The modified 2022 ACR/EULAR GCA classification criteria well performed in classifying GCA and TAK without PET-CT in routine clinical practice. A set of items included in the modified GCA classification criteria had good discriminative ability for GCA and TAK, even when age was excluded. However, age restriction or PMR was required to distinguish GCA without cranial lesions from TAK.

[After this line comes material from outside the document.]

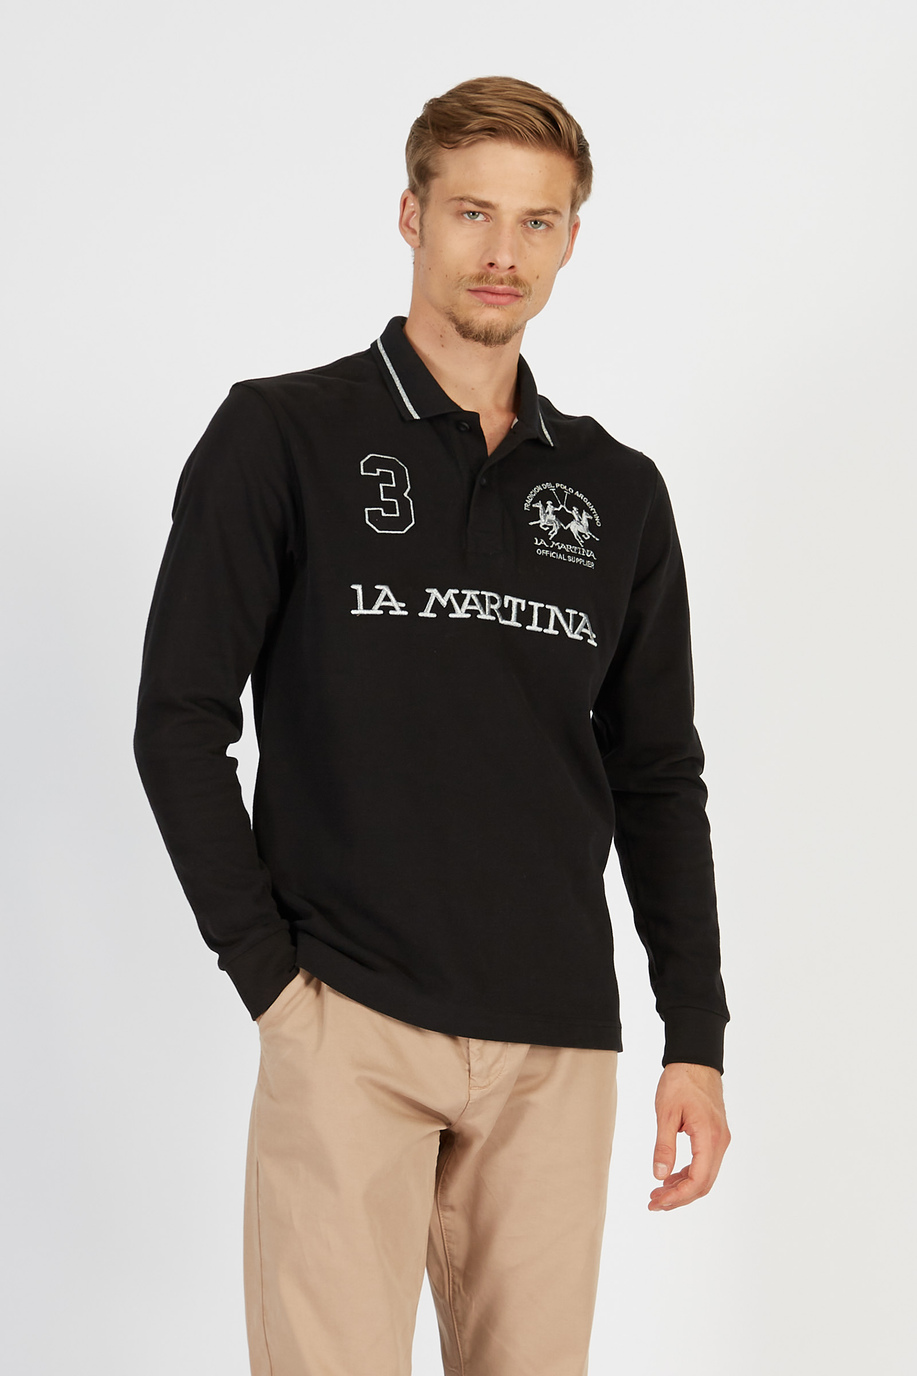 Herren-Poloshirt aus Baumwolle mit langen Ärmeln - Best Seller | La Martina - Official Online Shop
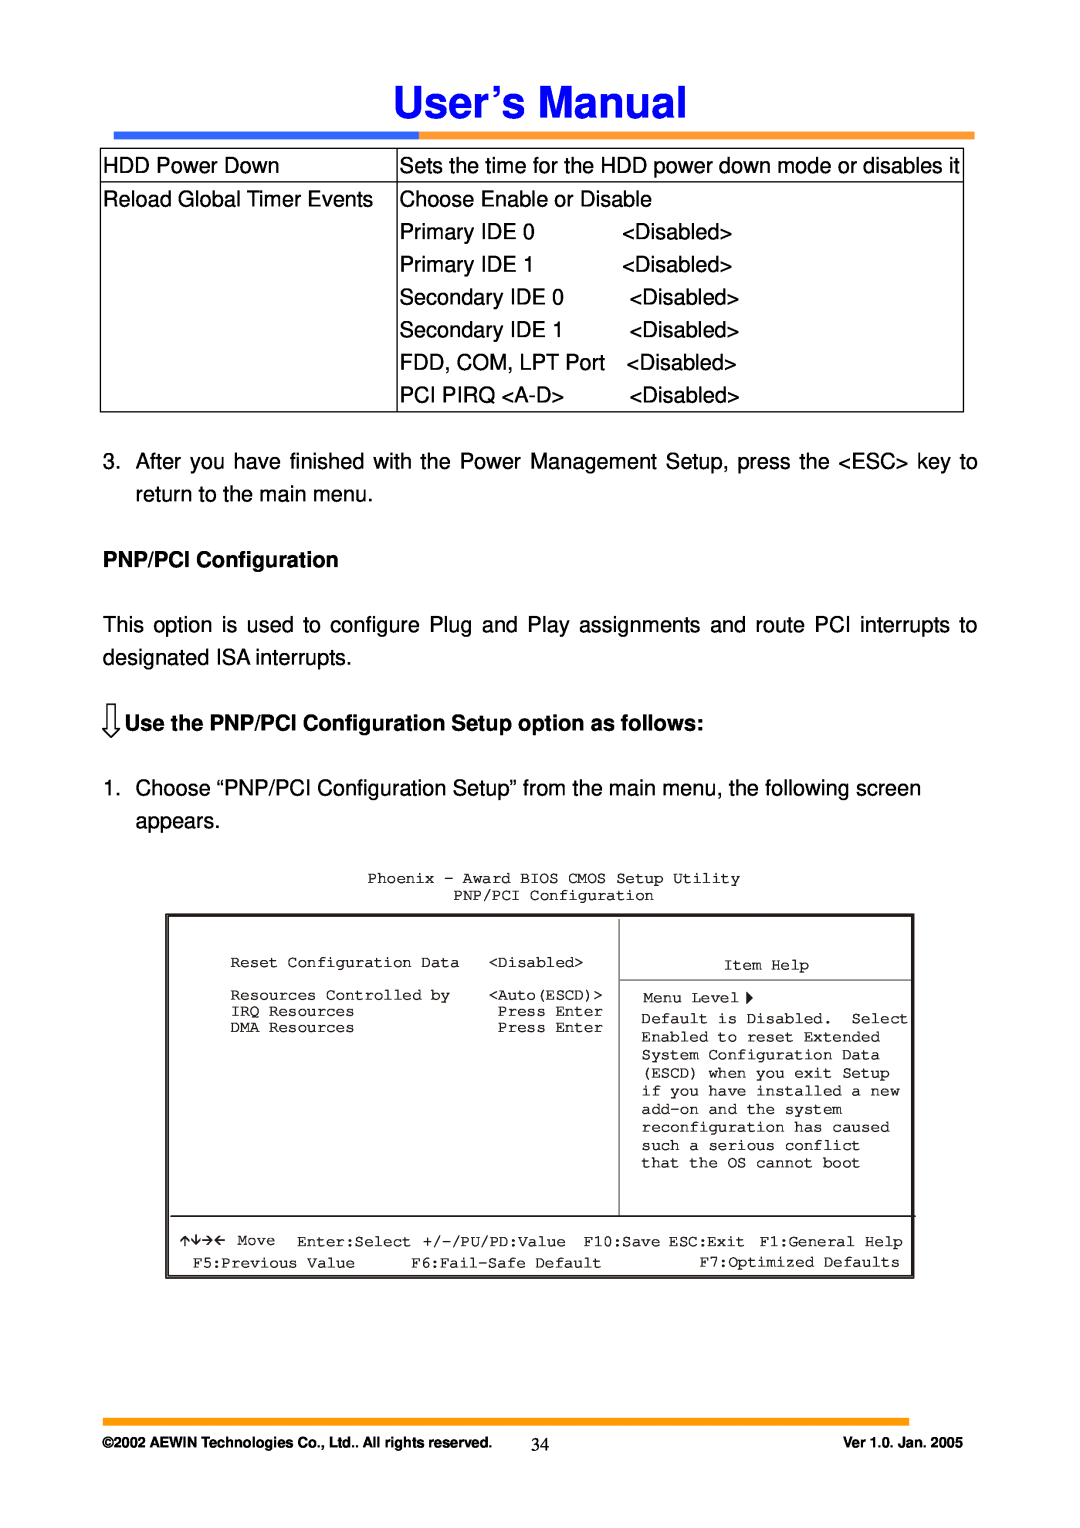 Intel AW-A795 user manual Use the PNP/PCI Configuration Setup option as follows, User’s Manual

根据2022年修订的美国风湿病学会/欧洲抗风湿病联盟(ACR/EULAR)巨细胞动脉炎(GCA)分类标准,评估鉴别GCA与大动脉炎(TAK)的能力。
对纳入日本全国性回顾性登记处的患者使用经部分修改的标准进行评估;降主动脉-腹主动脉壁增厚主要通过增强计算机断层扫描(CT)或磁共振成像诊断,而非使用正电子发射断层扫描(PET)-CT进行评估。使用C统计量(>0.7:鉴别能力良好)评估标准的鉴别能力。
对新诊断的GCA患者(n = 139)和TAK患者(n = 129)进行了评估,23.3%的TAK患者发病时年龄在50岁及以上。在所有GCA、有大血管受累的GCA和无颅动脉炎的GCA中,评分≥6的2022年修订ACR/EULAR GCA分类标准的敏感性分别为82.0%、68.5%和32.1%。以129例TAK患者作为对照,修订标准的特异性为96.1%。5例迟发性TAK患者符合修订标准,4例有颅部体征和症状,2例双侧腋动脉受累,4例降主动脉-腹主动脉受累。该标准的鉴别能力良好(C统计量:0.986,95%置信区间[CI]:0.976 - 0.996),排除年龄因素后仍保持良好(C统计量:0.927,95%CI:0.894 - 0.961)。一组大血管病变(双侧腋动脉和降主动脉-腹主动脉)及炎症标志物的鉴别能力明显下降,C统计量值较差(C统计量:0.598,95%CI:0.530 - 0.667)。在大血管病变组中加入风湿性多肌痛(PMR)(C统计量:0.757,95%CI:0.700 - 0.813)或年龄(C统计量:0.913,95%CI:0.874 - 0.951)后,鉴别能力得到改善。在评分≤5的GCA患者中,52%有双侧锁骨下和/或腋动脉受累。
2022年修订的ACR/EULAR GCA分类标准在常规临床实践中不使用PET-CT对GCA和TAK进行分类时表现良好。修订的GCA分类标准中的一组项目对GCA和TAK具有良好的鉴别能力,即使排除年龄因素也是如此。然而,需要年龄限制或PMR来区分无颅部病变的GCA与TAK。